И, сказав это, он взял на абордаж кобылу Дон Кихота, который с большим трудом спешился и едва стоял на ногах, потому что с утра у него во рту маковой росинки не было. Затем он сказал хозяину, чтобы тот получше позаботился о лошади великого пилигрима, потому что это было по его мнения самое лучшее травоядная тварь в мире. Пузан посмотрел на жалкую кобылу, и не нашёл в ней и половины заявленных достоинств, какие утверждал Дон Кихот, и тут же отвёл четвероногого друга Дон Кихота в стойло, и мгновенно вернувшись назад, осведомился, не угодно ли тому чего пожелать и увидел, как девицы снимают с нашего рыцаря потные доспехи и уже помирились с ним. Хотя девкам легко удалось сорвать с него нагрудник и наплечники, но ожерельник и картонный шлем сидели на нём, как влитые, и с них свисали длинные зелёные ленты с узлами по всей длине.

Таким образом, ввиду того, что узлы девицам развязать не удалось, снять шлем не представлялось иным способом, кроме как разрезав многочисленные ленты, на что доблестный наш Дон Кихот не пошёл бы даже под страхом смертной казни, в результате чего ему пришлось до утра просидеть в шлеме, и он был до того смешон и комичен своим нелепым видом, что ничего смешнее в мире наверняка бы не нашлось.

Пока девки разоблачали его от липких доспехов, он, принимая их за благородных донн и герцогинь, признанных жемчужин гостеприимного замка, ублажал их чрезвычайно проникновенными стихами:

 
– Никогда я не был принят
Лучше, Чем у дам прелестных
И они ходили скопом
За высоким Дон Кихотом
И зело его лечили,
Когда гордый копьеносец
К ним явился из деревни,
На горячем Росинанте,
 

И за ним они ходили, когда узнали, как зовут моего коня, которого нельзя было не полюбить, а меня, да будет вам известно, зовут Дон Кихот Ламанчский, и хотя я не имел намеренья козырять своим именем допрежь того, как миру явятся мои подвиги, о которых вы можете не беспокоиться, потому что они неминуемо будут совершены в вашу честь, милые дамы и вам во благо, однако предварив их к нынешним обстоятельствам блестящим романом о Ланцелоте, я был принуждён открыться вам гораздо раньше времени. Впрочем, пора, когда они будут всецело руководить мной, а я всецело повиноваться им во всём – не за горами, и тогдамоя длань будет прислуживать вам в любых делах, какие вы бы только ни возжелали.

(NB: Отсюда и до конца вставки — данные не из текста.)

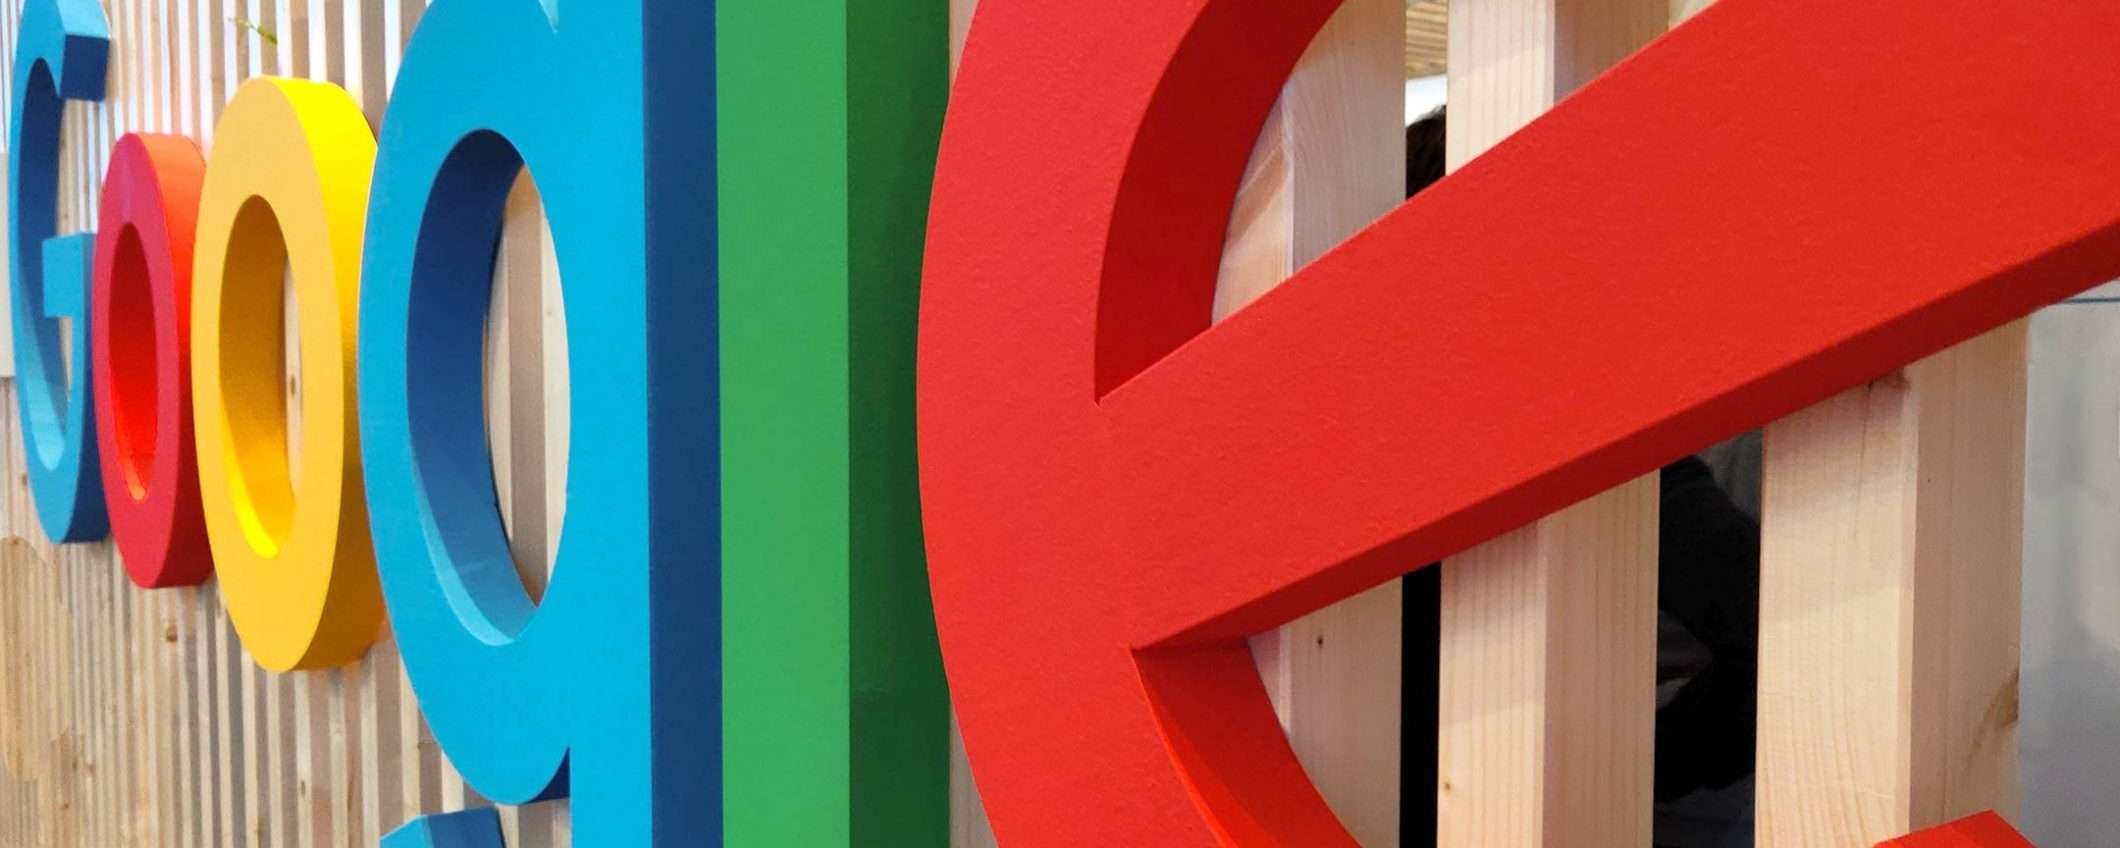 Google tende la mano al mondo dell'advertising

Девицы, не приученные к подобной выспренной риторике, помалкивали, а потом просто спросили его, не хочет ли он чем-нибудь подзакусить.

– Кто угодно, только не я мог бы отказаться от таких лестных предложений! – ответил дон Кихот, – потому что это, как я полагаю, было бы весьма уместно!

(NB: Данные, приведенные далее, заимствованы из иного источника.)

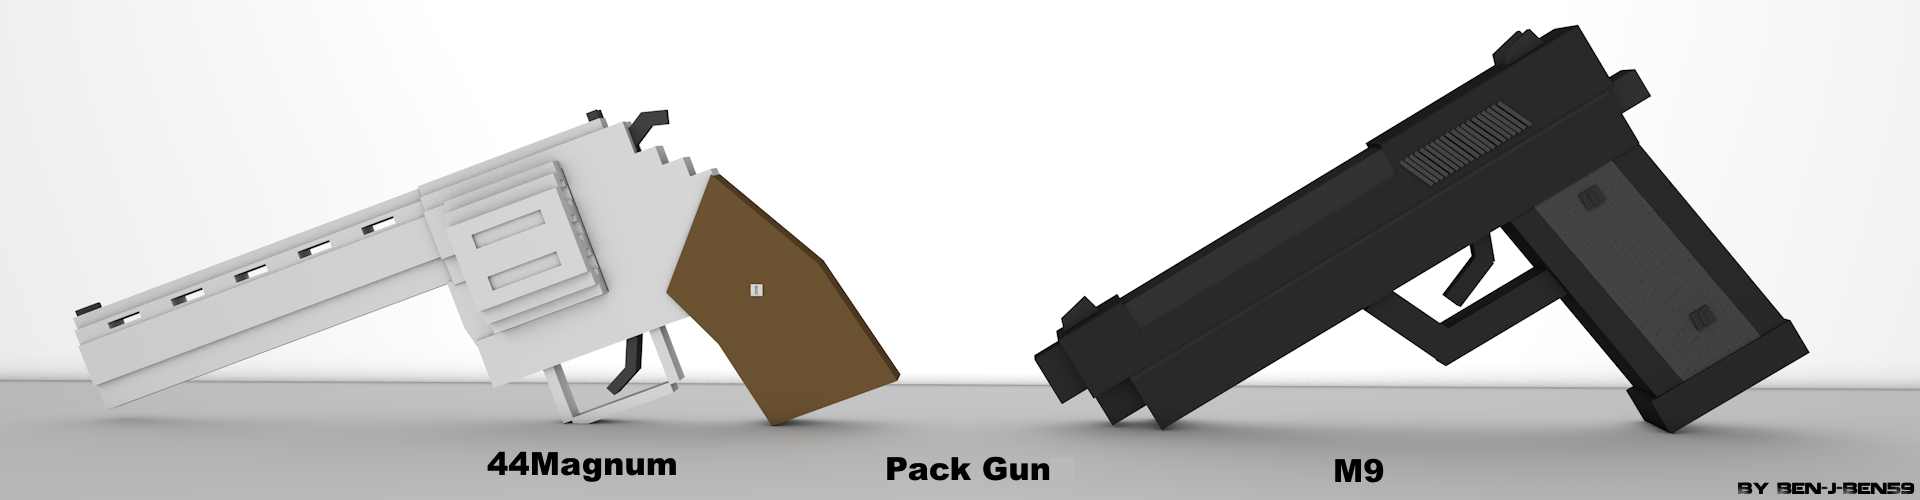 Pack Gun.png

На беду дело было в пятницу, на постоялом дворе ничего больше не нашлось, кроме небольшого количества старой трески, и осталась от прочих гостей, и называется в Кастилии «абадехо», в Андалузии – «бакалао», кое-где в Испании известна, как «курадилло», а в остальных весях гремит как «трухуэлла».

.Они спросили его, не будет ли ему угодно на сей раз удовольствоваться самыми мелкими Трухуэльками, потому что другой рыбы, которую можно было бы съесть, на постоялом дворе в настоящее время нет.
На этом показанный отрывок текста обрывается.